Standard homeowners insurance policies typically cover wind, but some policies partially or completely exclude wind-related damage. Read your home insurance policy or contact your agent to learn how you’ll be affected. Cost of coverage will vary depending on your state, the types of damage, the limitations your policy may have in place and how much coverage you purchase.

How to reduce your insurance premiums

It’s a good rule of thumb to be insured for at least 80 percent of the cost of rebuilding. But you can make a few upgrades to your home to help reduce your homeowners or flood insurance premium.

First, raise the first floor or lowest interior floor of your home above the base flood elevation (BFE) to save hundreds on insurance premiums per year, according to FloodSmart.

Basement infill can effectively reduce damage to building elements and contents located below the BFE. Plus, abandoning the lowest floor of a building, if possible, can reduce damage to building elements and contents located below the BFE.

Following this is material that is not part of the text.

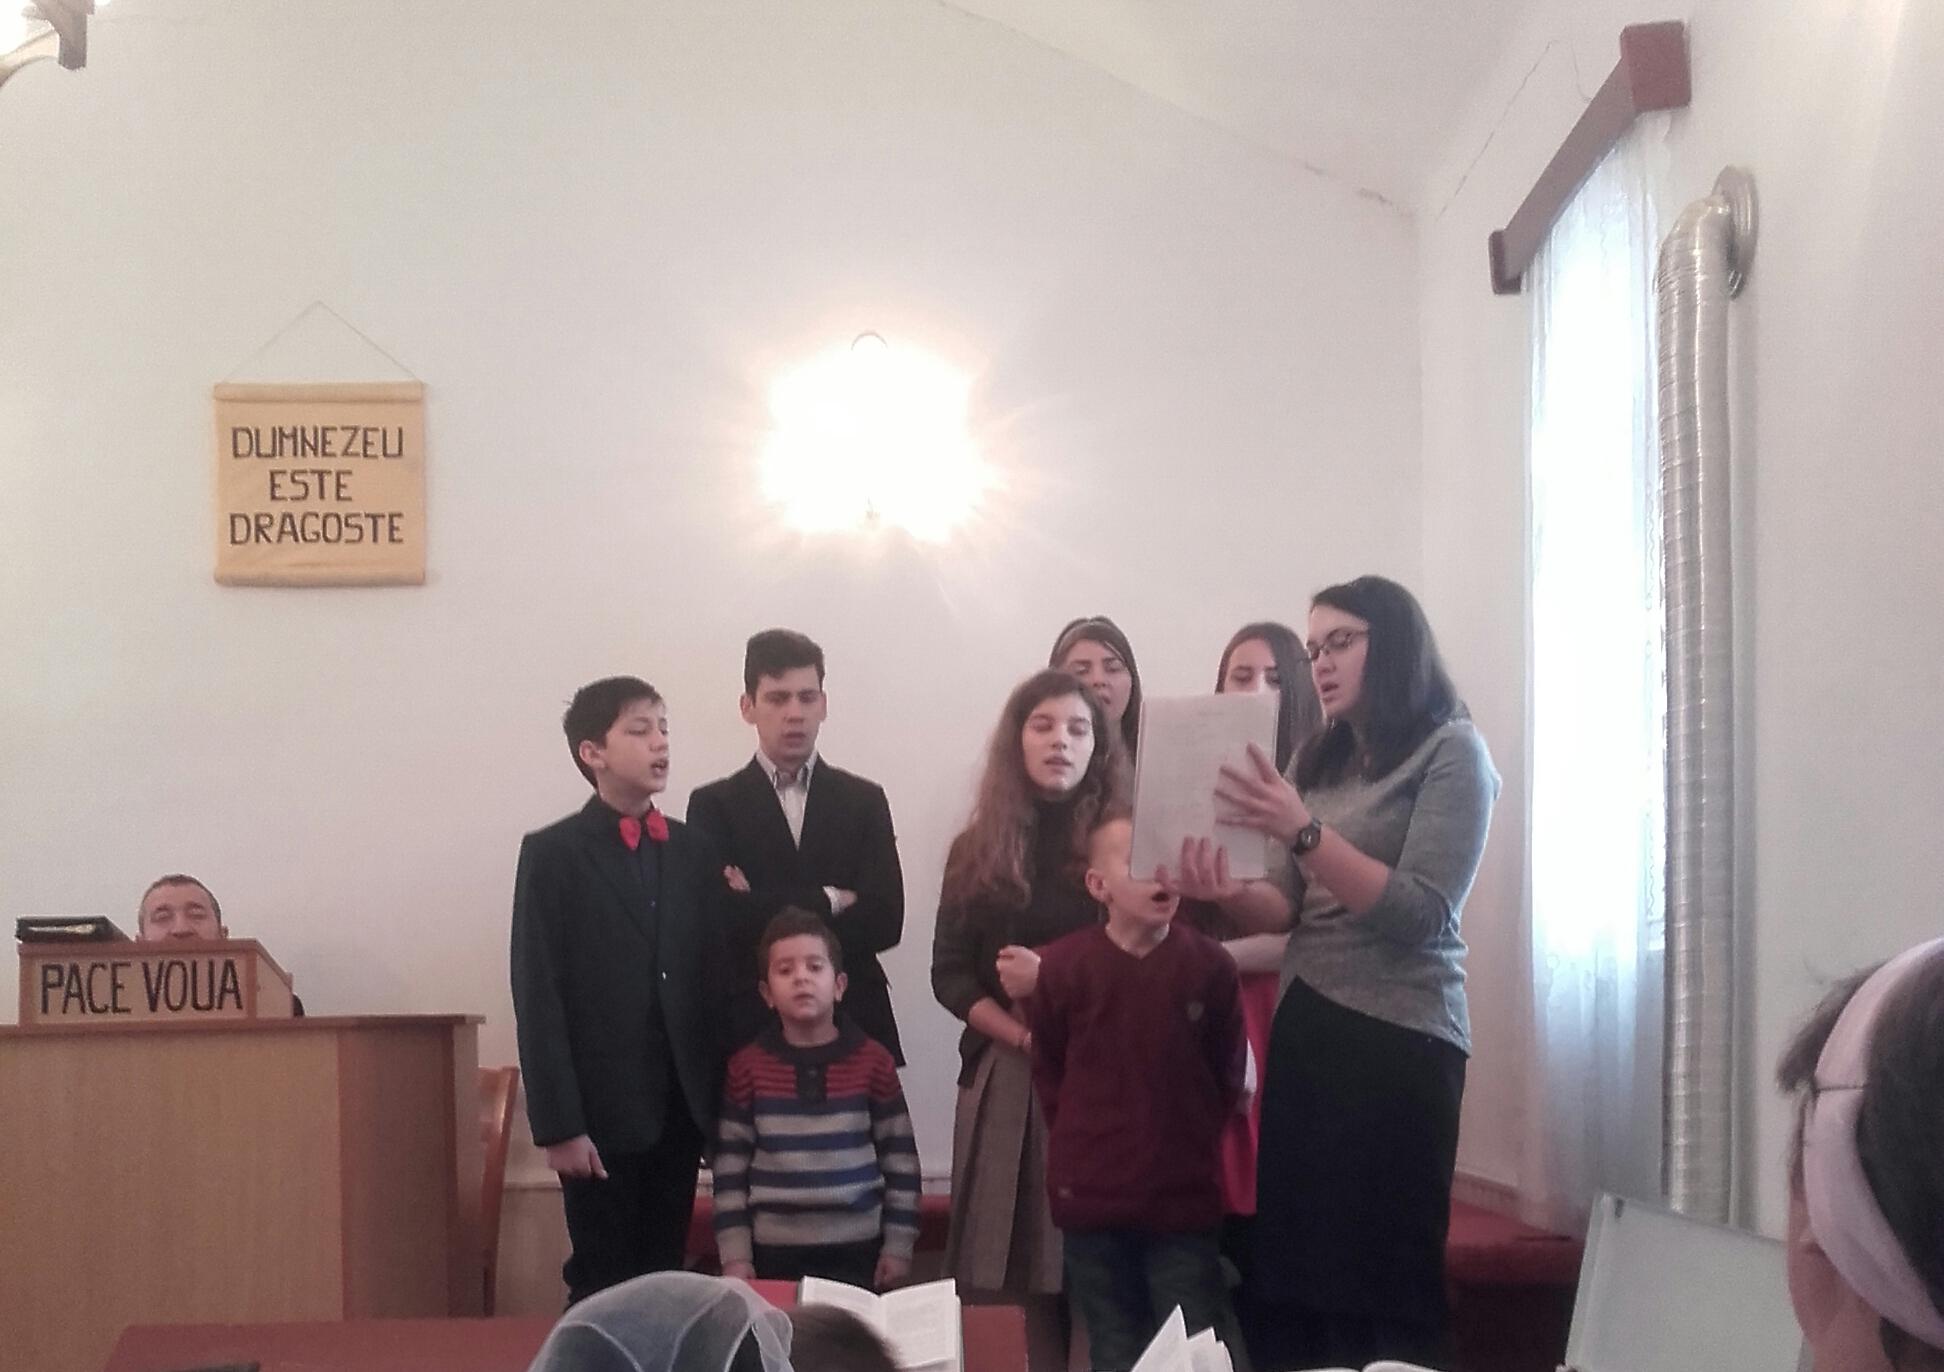 Inchinare_tinerii de la Bucerdea Granoasa.jpg

You can also install openings in the foundation and enclosure walls located below the BFE, which can more easily allow floodwaters to enter and leave. Doing this can increase the elevation of the lowest floor and lower insurance premiums. Finally, you can also elevate all building utility systems and equipment (furnaces, septic tanks, electric and gas meters).

Bottom line

If you’re considering buying a home in a hurricane zone, contact an insurance agent and purchase hurricane insurance. Rates can vary depending on the state where you plan to buy insurance and your home’s risk level. Remember to check out hurricane, flood and evacuation zones for each area you’re considering and factor premiums into your house-hunting budget. Making updates to hurricane proof your house and getting inspections can protect your property.